The soldiers were conducting patrols in the Moghila area between Kasserine and Sidi Bouzid, which is frequented by al-Qaeda-linked extremists. A spokesperson for Tunisia’s Defense Ministry, Mohamed Zekri, told The Associated Press that Jund al-Khalifa, linked to al-Qaeda’s local franchise, carried out the attack.
Tunisia’s government has largely limited the country’s Islamist insurgency to the western mountains with US military support in recent years.
Jihadist activity picked up in the country’s rural mountainous region in 2013 following the Arab Spring revolution that toppled longtime dictator Zine El Abidine Ben Ali. The North African country is considered the lone democratic success story.

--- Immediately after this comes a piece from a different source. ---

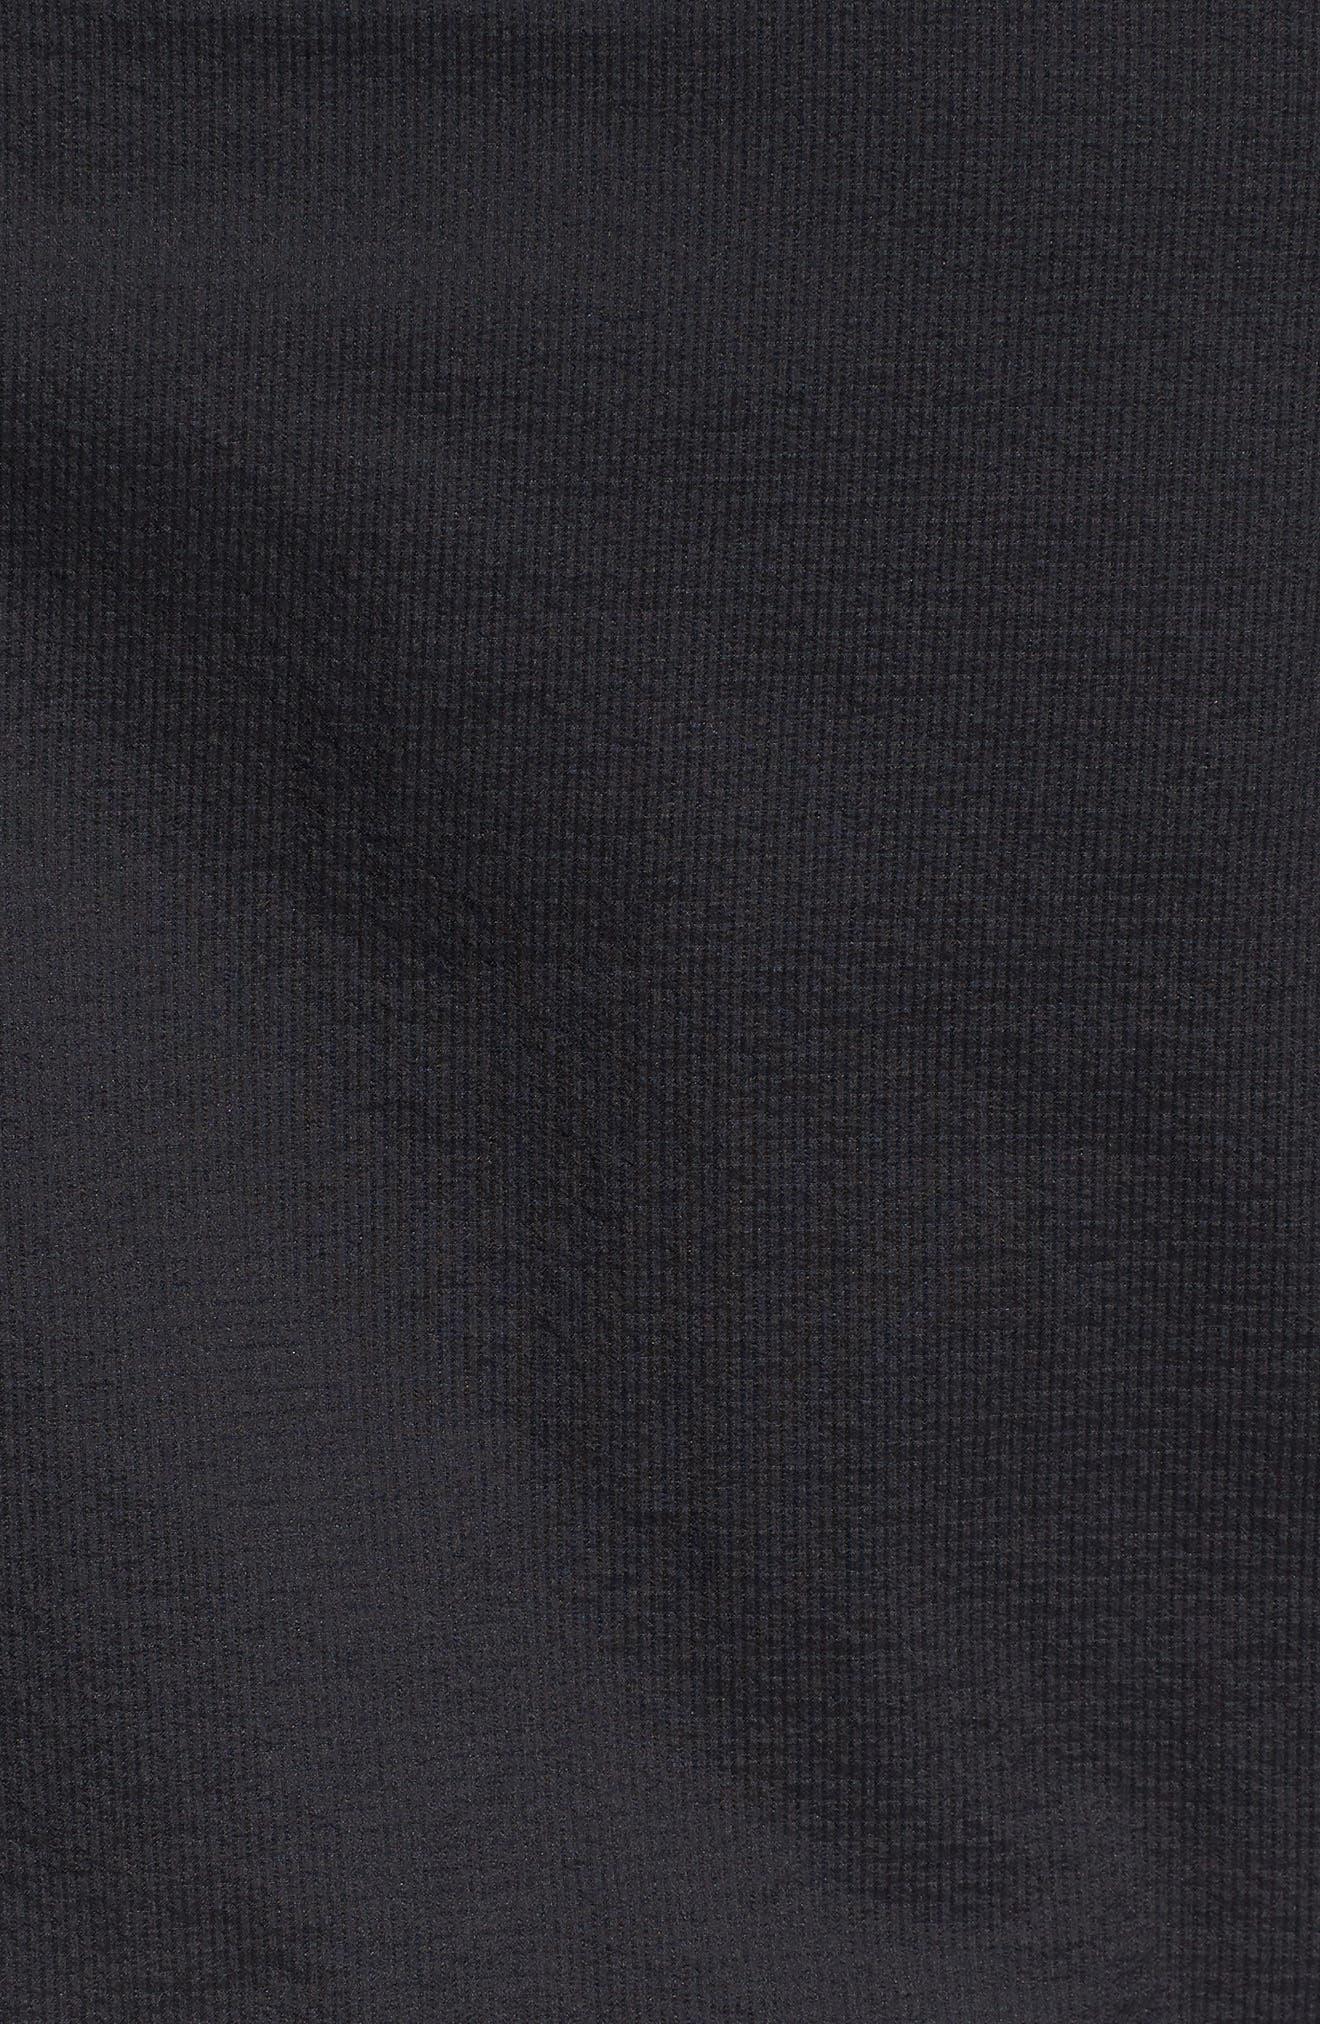 Run Division Jacket,                             Alternate thumbnail 7, color,                             BLACK

Nonetheless, Islamist insurgents targeted the government and attempted to attack the US Embassy in Tunis in 2013, just days before the deadly assault on the US Embassy in Benghazi in neighboring Libya.
In 2015, terrorists launched two massacres against foreign tourists, prompting international outrage. A lone gunman killed 39 people, mostly British tourists, in a mass shooting at a beachside resort in Sousse that June. Three gunmen took hostages and killed 22 people at the National Bardo Museum three months prior.

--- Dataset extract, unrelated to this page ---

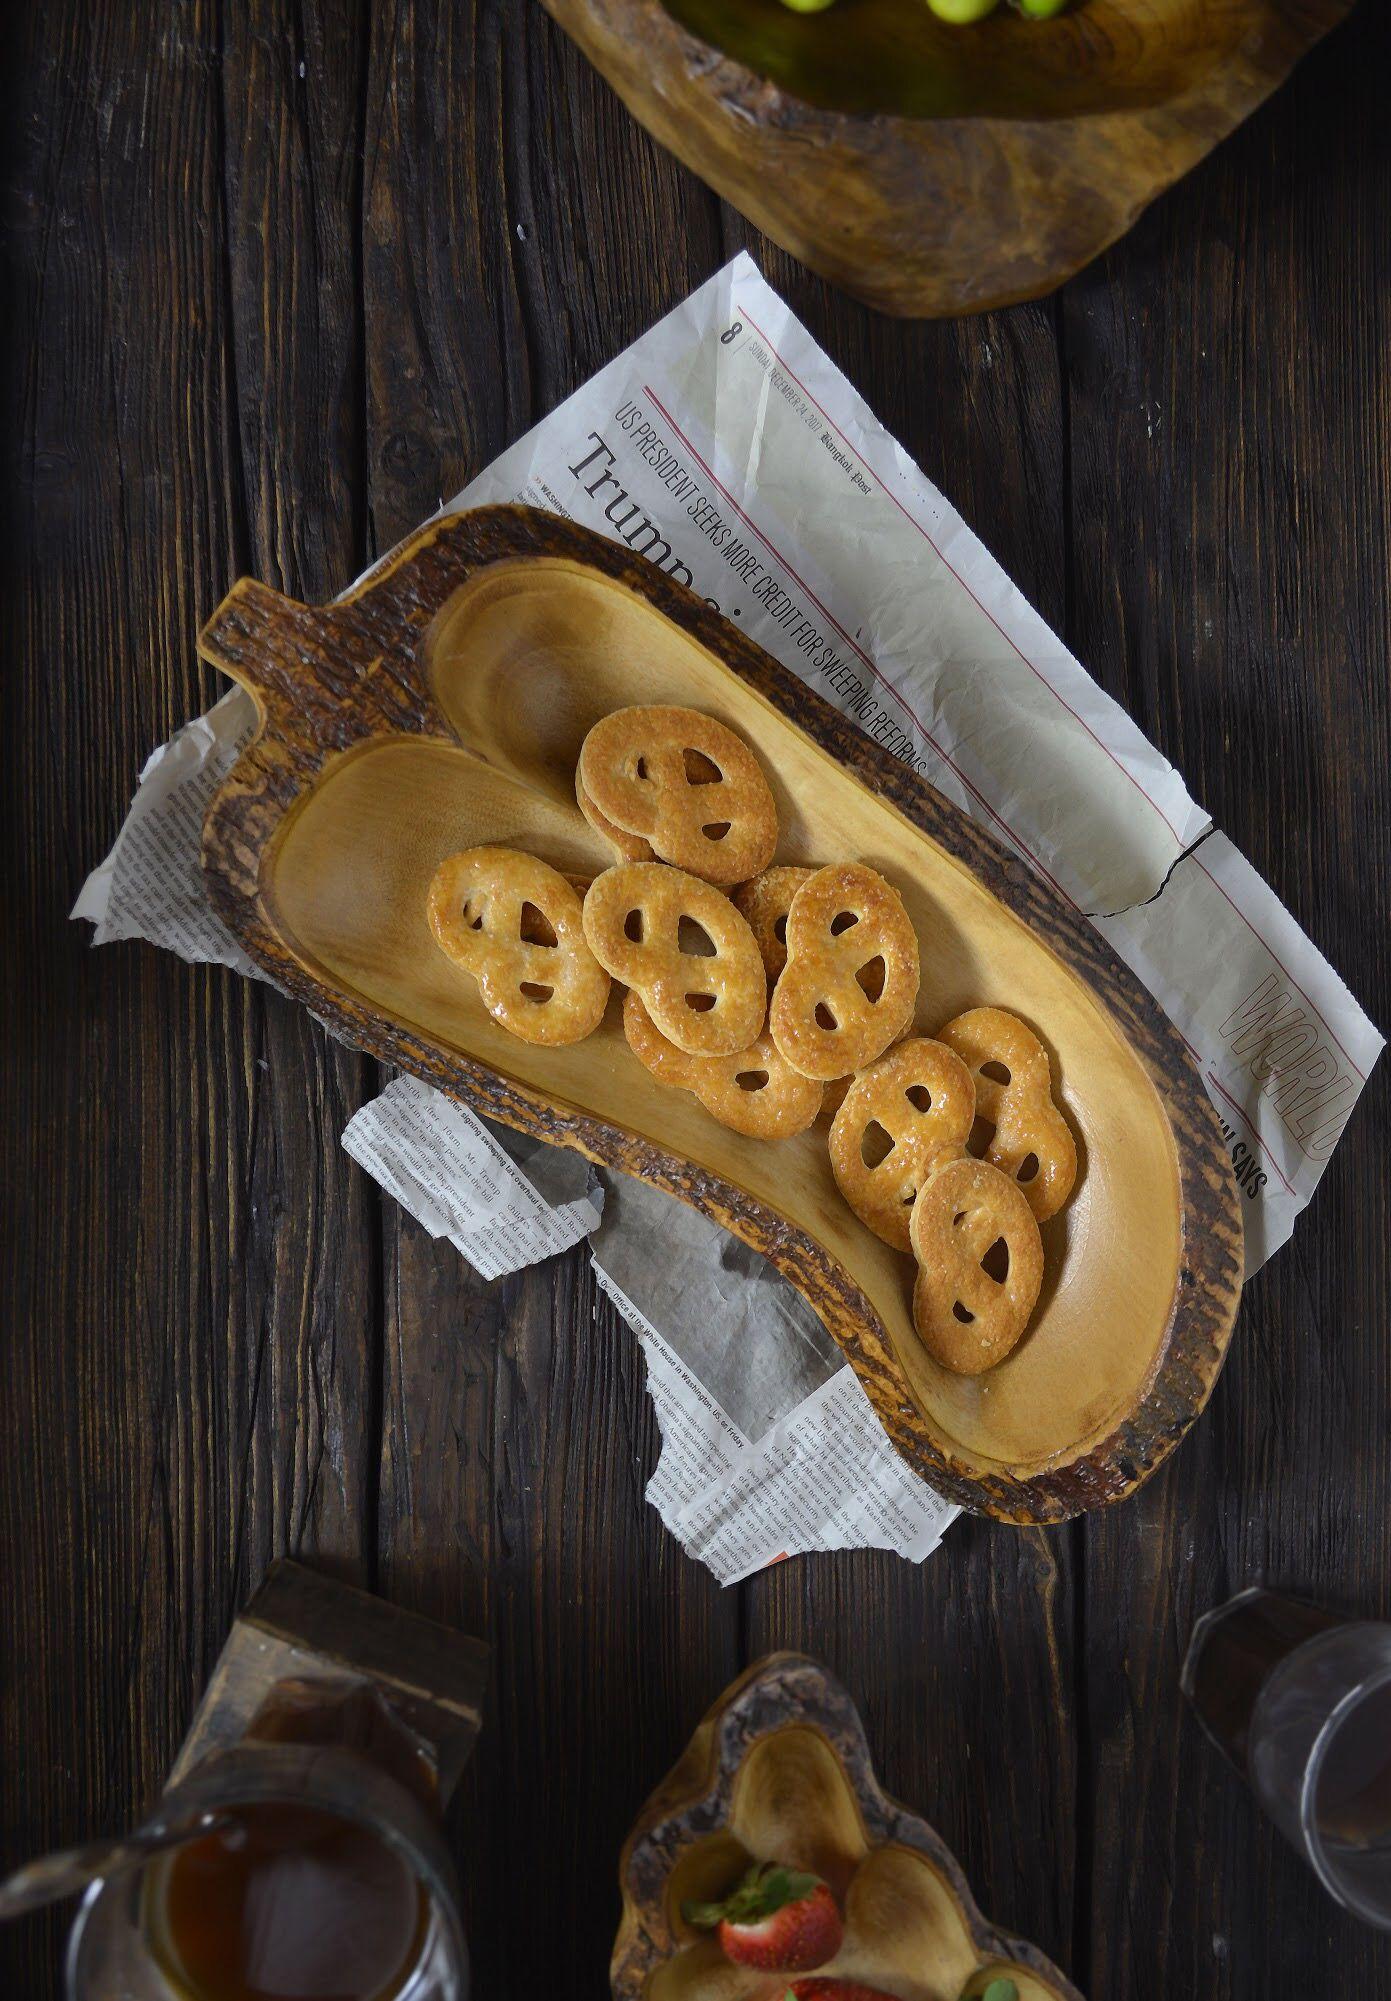 Pin By Deem Home On صواني خشب واوني منزلية Desserts Sugar Cookie Food

The capital has seen sporadic attacks in more recent years. Last March, two suicide bombers detonated themselves near the US Embassy. In 2018, a suicide bombing wounded 20 people on a main street in the capital’s downtown.
US military aid dollars to Tunisia have increased tenfold since the Arab Spring, with American policymakers seeing the fledgling democratic country as a strategic wedge between war-torn Libya and US allies in western North Africa.
Protests have continued in cities across Tunisia even as the country marked the 10-year anniversary of its Arab Spring revolution last month. Some of the demonstrations have turned violent in recent weeks, prompting the deployment of the army and the arrest of several hundred people.
Tunisia continues to be beset by unemployment, government corruption and police abuses, demonstrators say. Prime Minister Hichem Mechichi has voiced his support to address the protestors’ grievances but has condemned the violence.